Pelin GEL/HÜRRİYET
Oluşturulma Tarihi: Temmuz 29, 2019 10:20
Biyokorsanların gözü, endemik bitki ve hayvan türleri açısından zengin konumda bulunan Batı Akdeniz’de. Hürriyet’e konuşan uzman biyolog Abdullah Çetin, “Bitki ve hayvan çeşitliliğimiz risk altında” dedi.
AVRUPA kıtasının tamamımın sahip olduğu bitki çeşitliliği sayısı 13 bini kuş varlığı sayısı ise 570’i bulurken, Avrupa’nın 14’te biri büyüklüğe sahip Türkiye, 12 bin bitki çeşidi ve 502 kuş varlığı ile biyostratejik olarak dünyanın önemli ülkeleri arasında yer alıyor.

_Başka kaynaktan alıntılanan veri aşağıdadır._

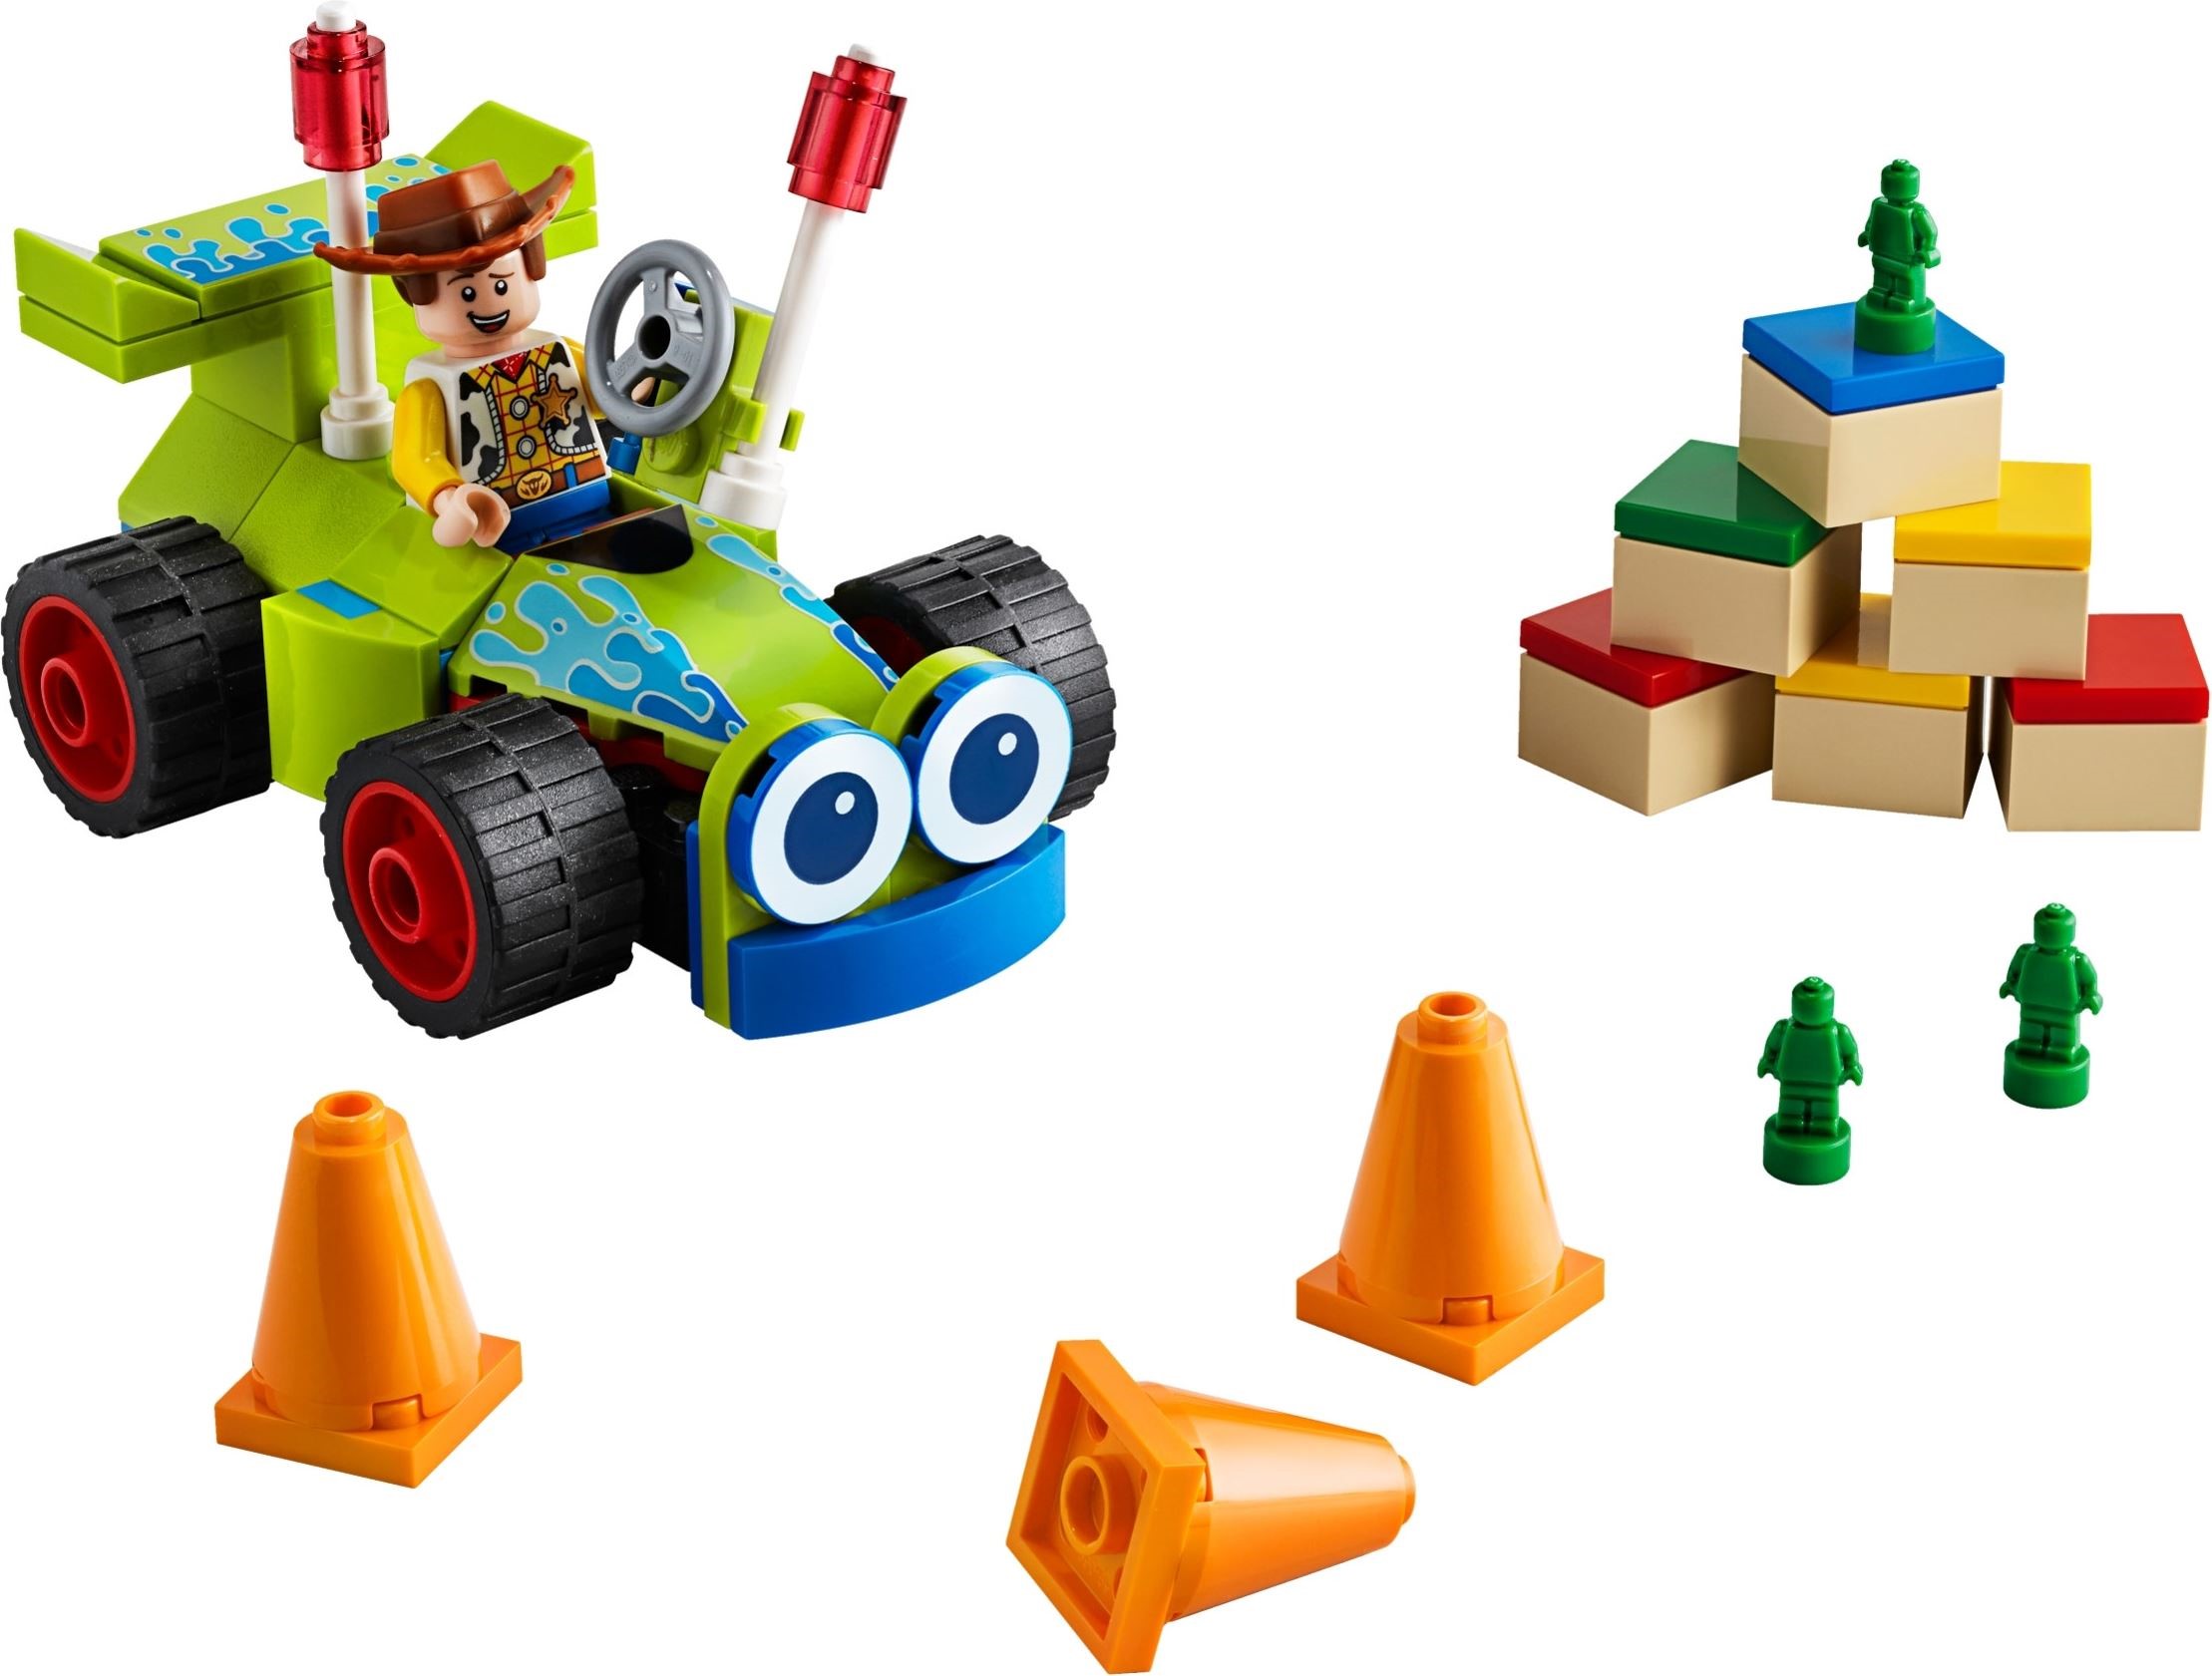 slack svamp ekstremt New York Toy Fair 2019: Toy Story 4 | Brickset: LEGO set guide and database

Türkiye’de bitki ve hayvan türü zenginliği açısından ise Akdeniz Bölgesi başı çekiyor.
1558
endemik bitkiAvrupa ülkelerinin birçoğunun çok üstünde endemik bitki zenginliğine sahip Antalya’da 850 endemik bitki türü bulunurken, Isparta’da 450, Burdur’da ise 304 endemik bitki yer alıyor. Ülkemizdeki 125 adet amfibi ve sürüngenin 45 adedi, ülkemizdeki 502 kuş varlığının da 334 adedi Antalya’da bulunuyor. Toplamda bin 500 endemik türe sahip bölgenin biyokaçakçılar açısından da hedef olduğunu açıklayan uzman biyolog Abdullah Çetin, biyokaçakçılığın ülkemiz açısından büyük bir sorun olduğunu söyledi.
TURİST GİBİ GELİYORLAR
Daha önceleri sonbahar ve ilkbahar dönemlerinde ülkemize daha çok biyokaçakçı geldiğini açıklayan Çetin, iklim değişikliği nedeniyle mevsimlerin değişmeye başladığını, bu nedenle her mevsim biyokaçakçılara karşı dikkatli olunmasını istedi. Biyokaçakçıların ülkeye turist ya da araştırmacı gibi gelerek buraya ait bitki ve hayvan türlerini kaçırdığına dikkati çeken Çetin, bu bitki ve hayvan türlerinin tıp, kozmetik, biyolojik ve kimyasal silah ile giysi yapımı için ya da hobi amaçlı kaçırıldığını söyledi. Çetin, “Özellikle buğday, orkide, soğanlı bitkiler ve farmakolojide kullanılan tıbbi ve aromatik bitki türleri, kelebek, böcek ve yılanlar sıkça ülkemizden kaçırılıyor” dedi.
VATANDAŞA ÖNEMLİ UYARI
Doğada izinsiz, kimliğini gizleyen özellikle turist ya da araştırmacı görünümlü kişilere karşı dikkatli olunması gerektiği konusunda uyarıda bulunan Çetin sözlerini şöyle sürdürdü: “
Biyokaçakçılık olaylarıyla doğada, gümrük kapılarında, havalimanlarında, kargolarda karşılaşılıyor. Ülkemiz 300 yıldır biyokaçakçılığa maruz kalıyor. Son yıllarda yapılan eğitimler ve çalıştaylar insanları biyokaçakçılık hakkında bilinçlendiriyor. Halkımızın doğasına daha fazla sahip çıkması, değerlerimizin daha çok bilincinde olması gerekiyor. Unutmayalım ki; biyokaçakçılıkla mücadele aldığı her nefesin bedelini tabiata duyduğu saygıyla ödeyen bilinçli insanların görevidir.”